At the end of the economic and/or physical lifetime of a neighbourhood battery, there are several steps that should be followed:
As your neighbourhood battery approaches the end of its life, you may want to consider replacement of the battery with one of the same or smaller/greater capacity depending on analysis of its performance and use. This would be an important time to evaluate not only your battery’s performance, but also the success of your business model, including engaging with your partners and community to assess their satisfaction with the battery. As a result of this evaluation, you may want the new battery to be installed at the same site, or at a new one depending on evolving network conditions and infrastructure. In the former case, this could save costs and time associated with selecting a new site, remediating the old site and preparing the new site.
After use, there is a possibility for a neighbourhood battery to be reused for a second life in other applications. The battery in its second life may be used as a whole pack, or the packs may be disassembled and separated for use in bespoke second life products. The possibility for a battery to be reused in a second life will depend on its use and operation, including how many cycles (charging and discharging) it has done, how deep the cycles have been, and other maintenance factors. So far, the market for second life batteries is still small, but with the growth of batteries in the next few years this market may grow to accommodate better use of batteries and their raw materials.
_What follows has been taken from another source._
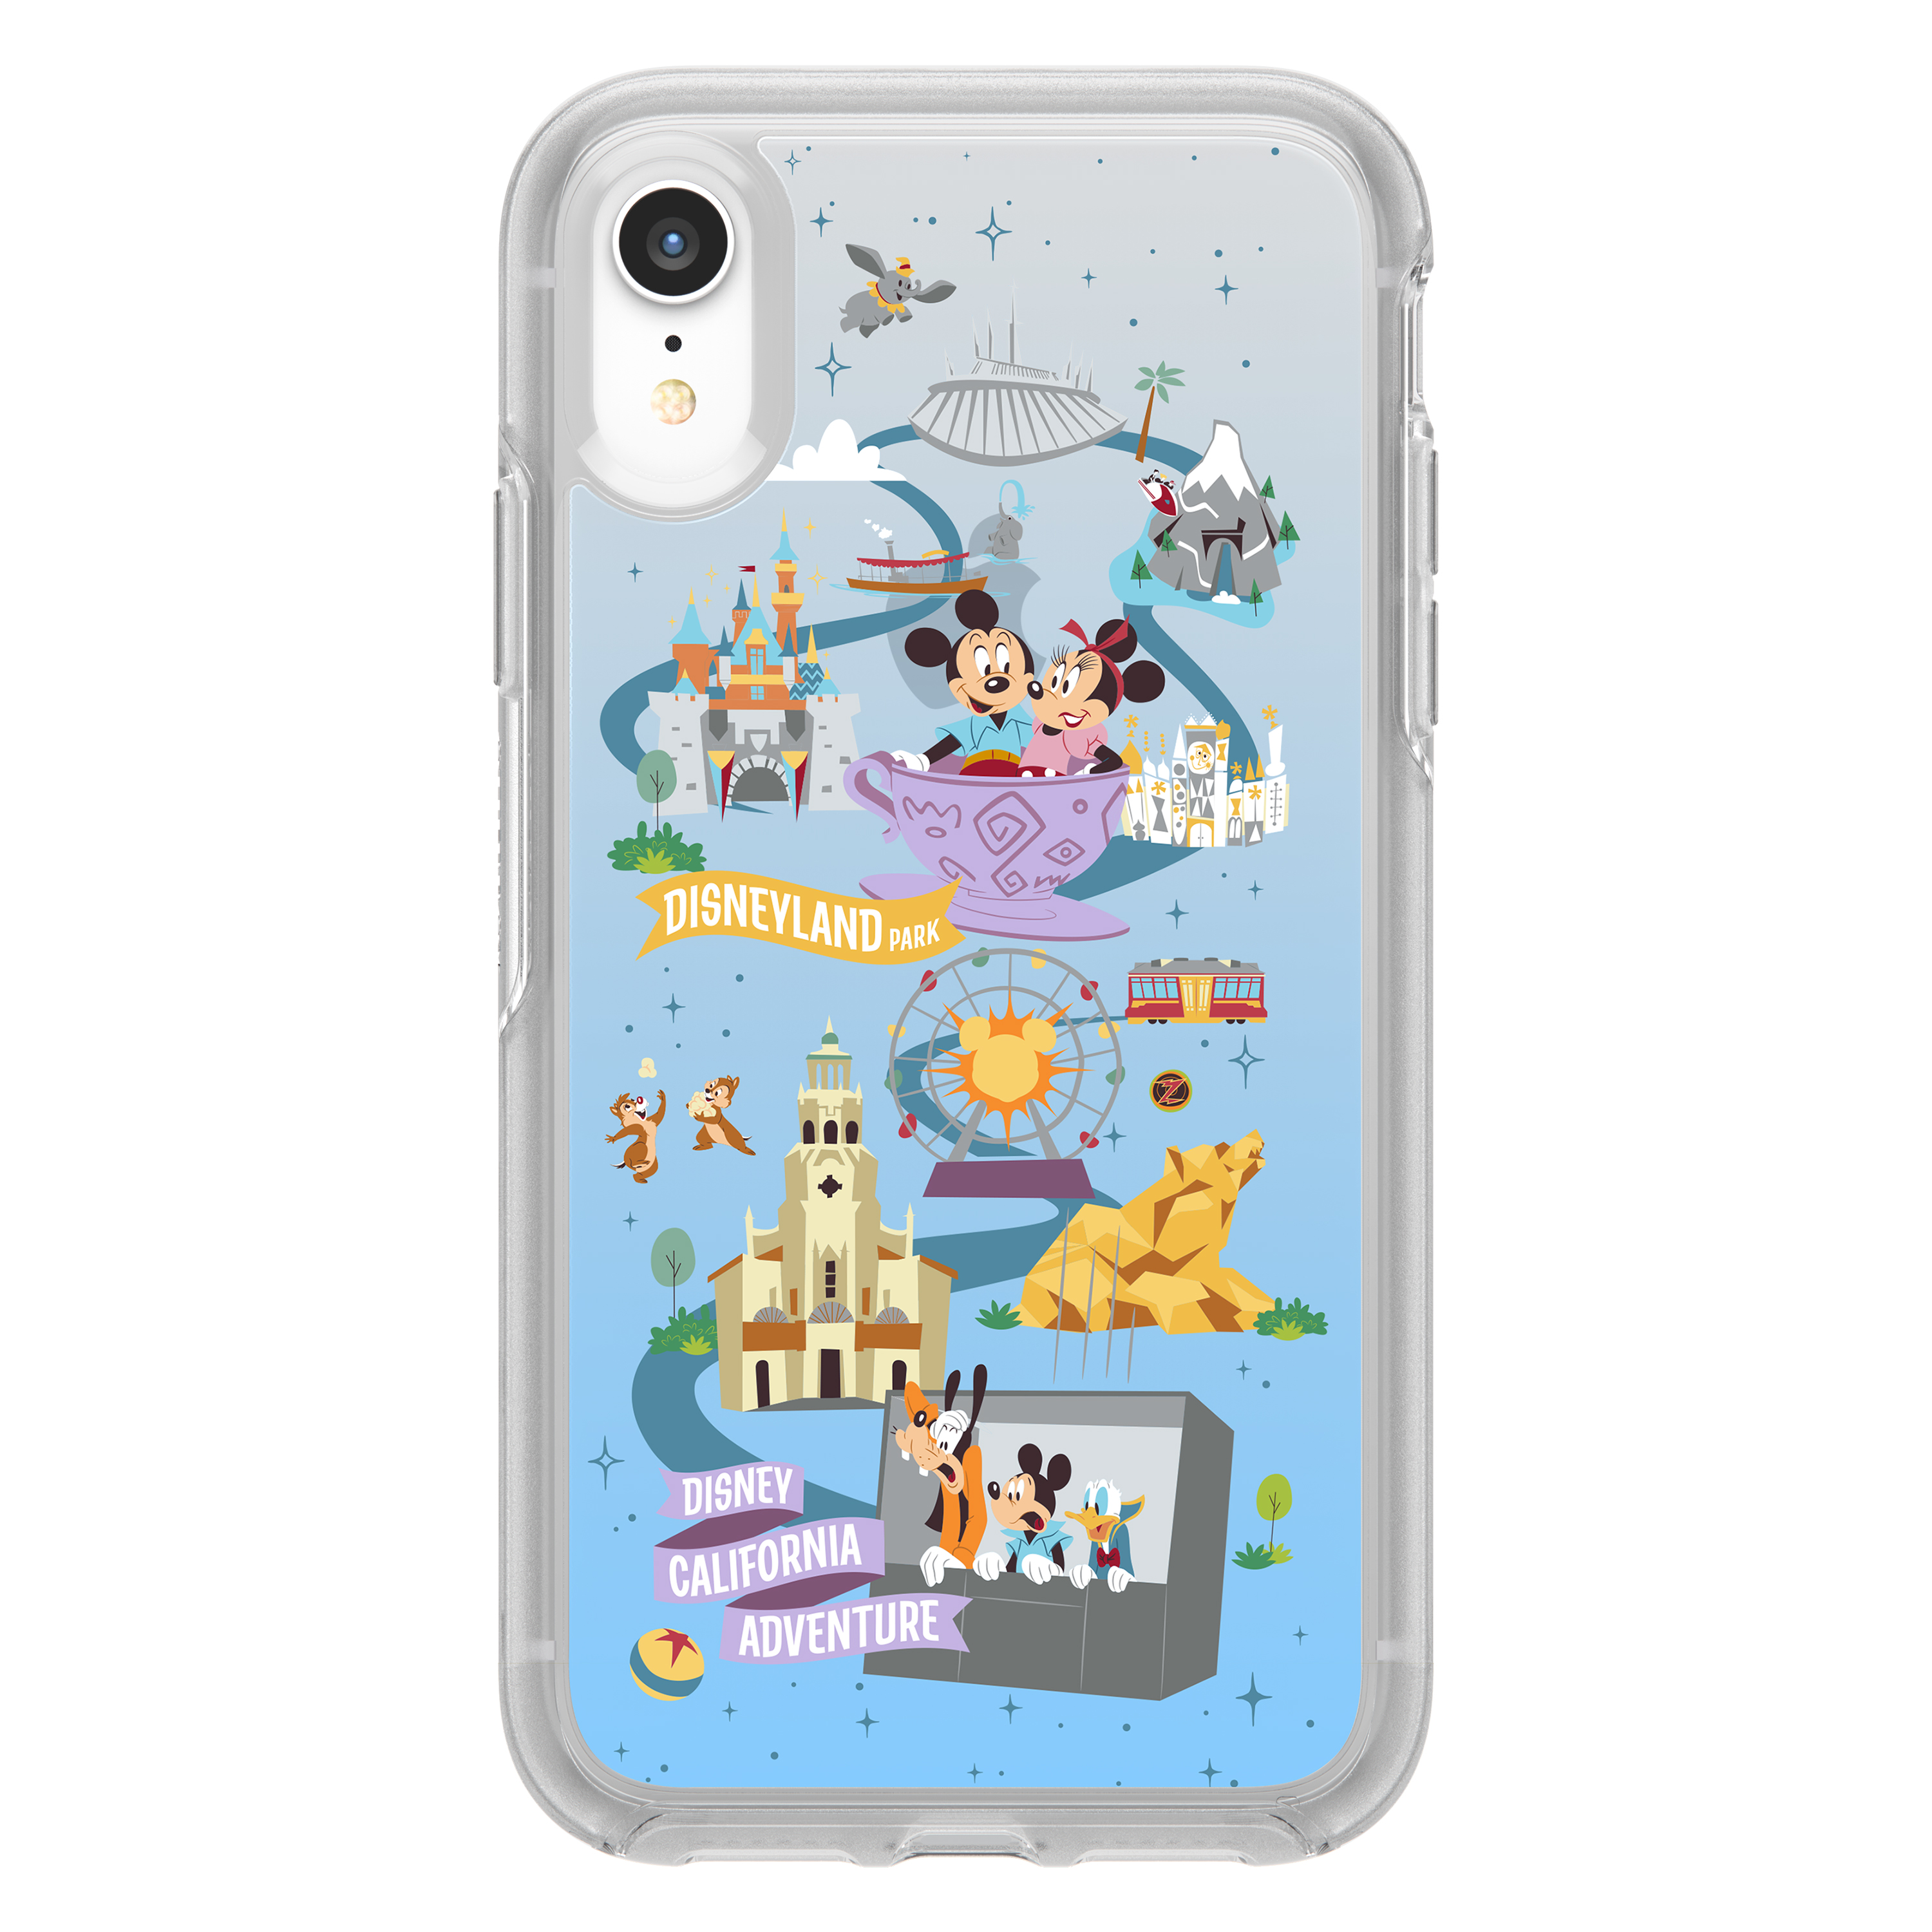 Disney Phone Cases Otterbox Exclusive Disney Parks Designs

There is also currently movement in assessing the potential of reusing EV batteries at the end of their life in vehicles for use in stationary electricity storage systems. At the end of their vehicle life, EV batteries typically have a residual capacity of more than 80%, which is not sufficient to meet the portable energy demand of an EV but can be suitable in stationary applications where a lower energy density is suitable. Depending on the state of the EV battery, it could still have a remaining service life of up to ten years after its use in a vehicle. For example, at the beginning of 2022, German energy company RWE began a pilot of 60 lithium-ion batteries, total 4.5MWh capacity, from Audi’s e-tron vehicle development programme.
The second step is its recycling. Lithium-ion batteries are 95% recyclable, meaning 95% of its components can be turned into new batteries or used in other industries, but currently only 2% of Australia’s annual lithium-ion battery waste is actually recycled. Majority of Australia’s battery waste is currently shipped overseas, with the waste that remains being left in landfill, potentially leading to fires and environmental contamination.
Where possible, measures should therefore be taken to recycle your neighbourhood battery to minimise its environmental impact and contribute back to the materials market. Batteries contain non-renewable and valuable materials like lead, lithium, manganese, nickel, and zinc. These materials can be recycled again and again. They can also be harmful to the environment if not properly disposed of.
In all cases, it should be ensured that you choose a responsible recycler to dispose of your battery system. The processes used and the efficiencies of these processes for recycling batteries will depend on the country the battery is from and is being recycled in.
Such questions that should be discussed with a selected recycler include:
- Do they intend to reuse or recycle components of the battery system?
- Do they have safety measures in place for recycling the battery?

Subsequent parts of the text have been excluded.